Effects of pro-inflammatory cytokines on expression of kynurenine pathway enzymes in human dermal fibroblasts

Abstract

Abstract Background The kynurenine pathway (KP) is the main route of tryptophan degradation in the human body and generates several neuroactive and immunomodulatory metabolites. Altered levels of KP-metabolites have been observed in neuropsychiatric and neurodegenerative disorders as well as in patients with affective disorders. The purpose of the present study was to investigate if skin derived human fibroblasts are useful for studies of expression of enzymes in the KP. Methods Fibroblast cultures were established from cutaneous biopsies taken from the arm of consenting volunteers. Such cultures were subsequently treated with interferon (IFN)-γ 200 U/ml and/or tumor necrosis factor (TNF)-α, 100 U/ml for 48 hours in serum-free medium. Levels of transcripts encoding different enzymes were determined by real-time PCR and levels of kynurenic acid (KYNA) were determined by HPLC. Results At base-line all cultures harbored detectable levels of transcripts encoding KP enzymes, albeit with considerable variation across individuals. Following cytokine treatment, considerable changes in many of the transcripts investigated were observed. For example, increases in the abundance of transcripts encoding indoleamine 2,3-dioxygenase, kynureninase or 3-hydroxyanthranilic acid oxygenase and decreases in the levels of transcripts encoding tryptophan 2,3-dioxygenase, kynurenine aminotransferases or quinolinic acid phosphoribosyltransferase were observed following IFN-γ and TNF-α treatment.
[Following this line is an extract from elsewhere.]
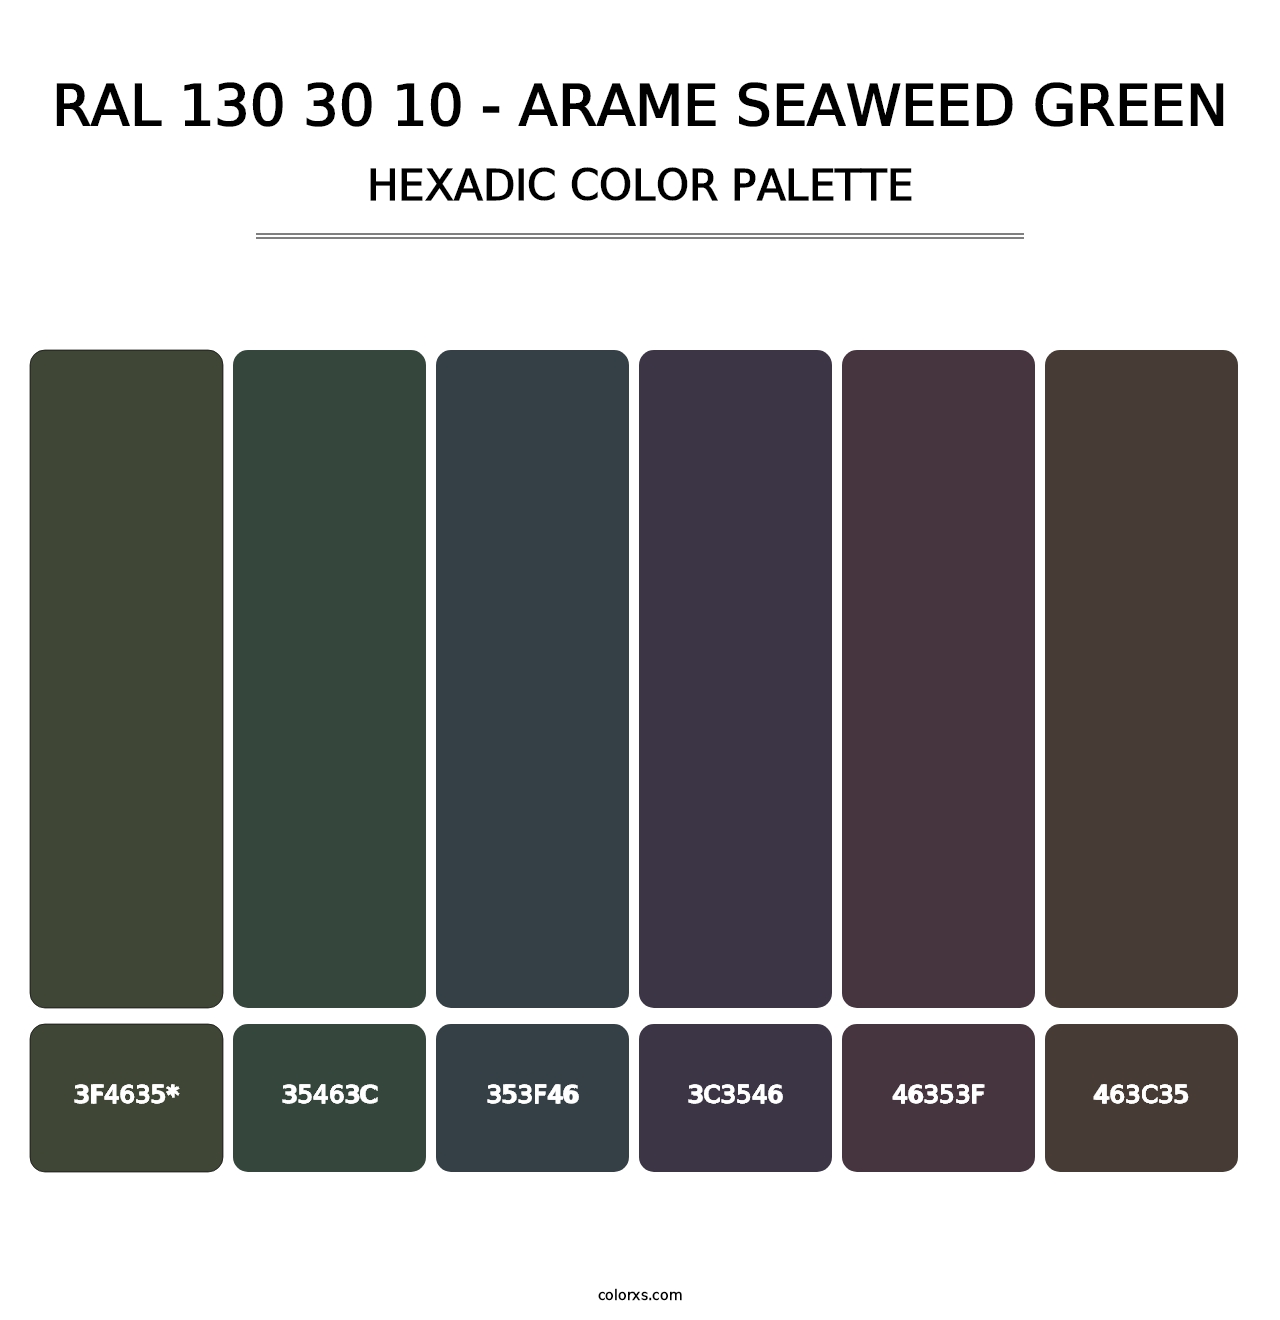 RAL 130 30 10 - Arame Seaweed Green - Hexadic Color Palette
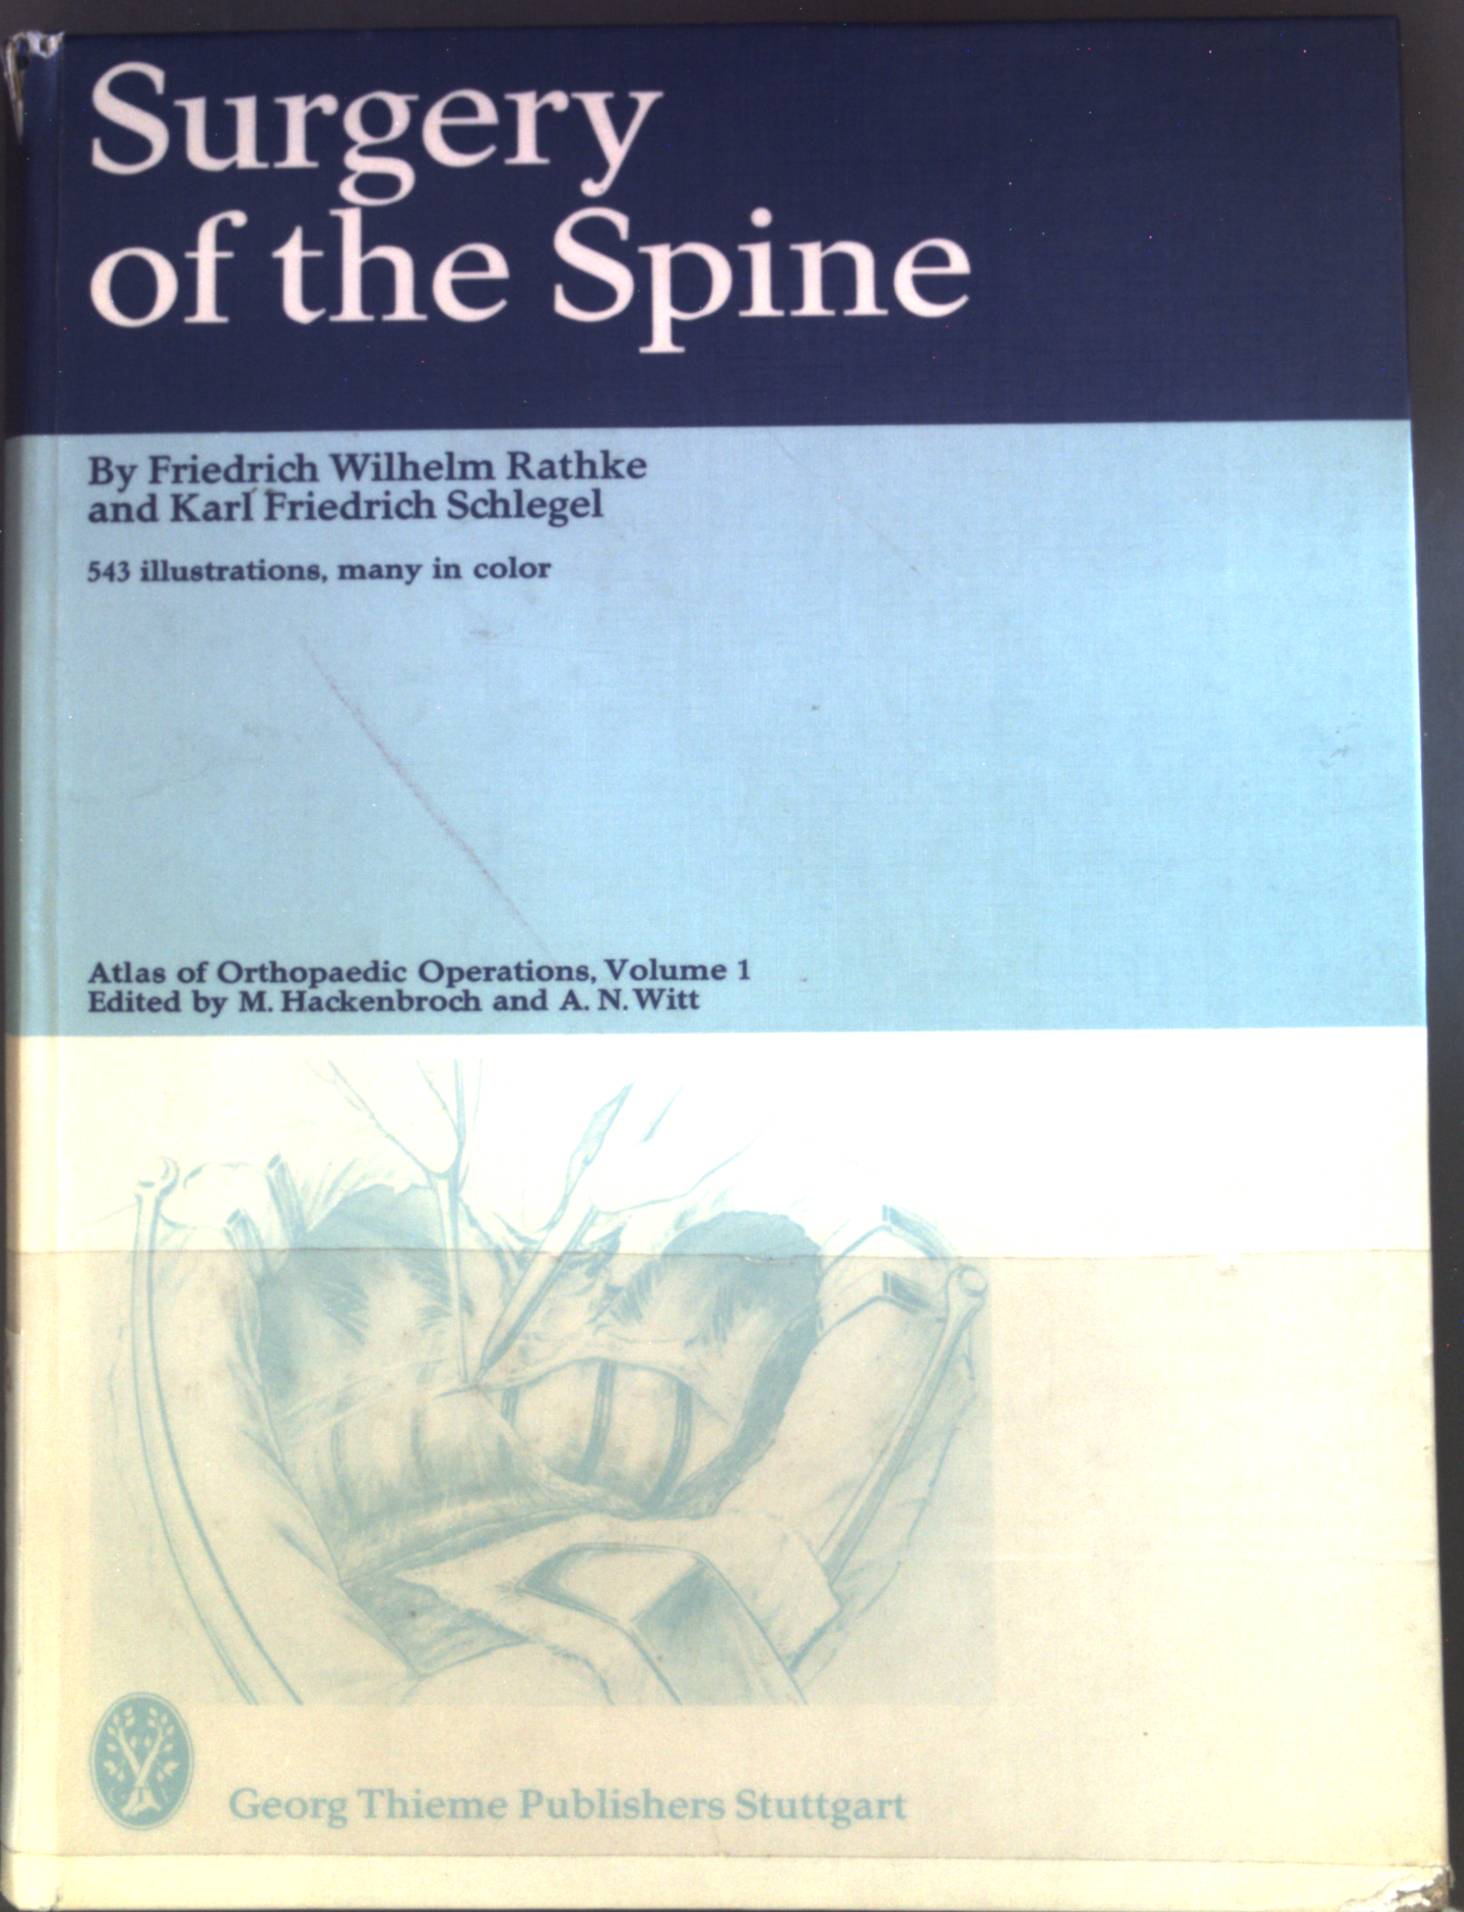 Surgery of the spine. Atlas of orthopaedic operations ; Vol. 1 - Rathke, Friedrich Wilhelm und Karl Friedrich Schlegel

Finally, the fibroblast cultures released detectable levels of KYNA in the cell culture medium at base-line conditions, which were increased after IFN-γ, but not TNF-α, treatments. Conclusions All of the investigated genes encoding KP enzymes were expressed in human fibroblasts. Expression of many of these appeared to be regulated in response to cytokine treatment as previously reported for other cell types. Fibroblast cultures, thus, appear to be useful for studies of disease-related abnormalities in the kynurenine pathway of tryptophan degradation.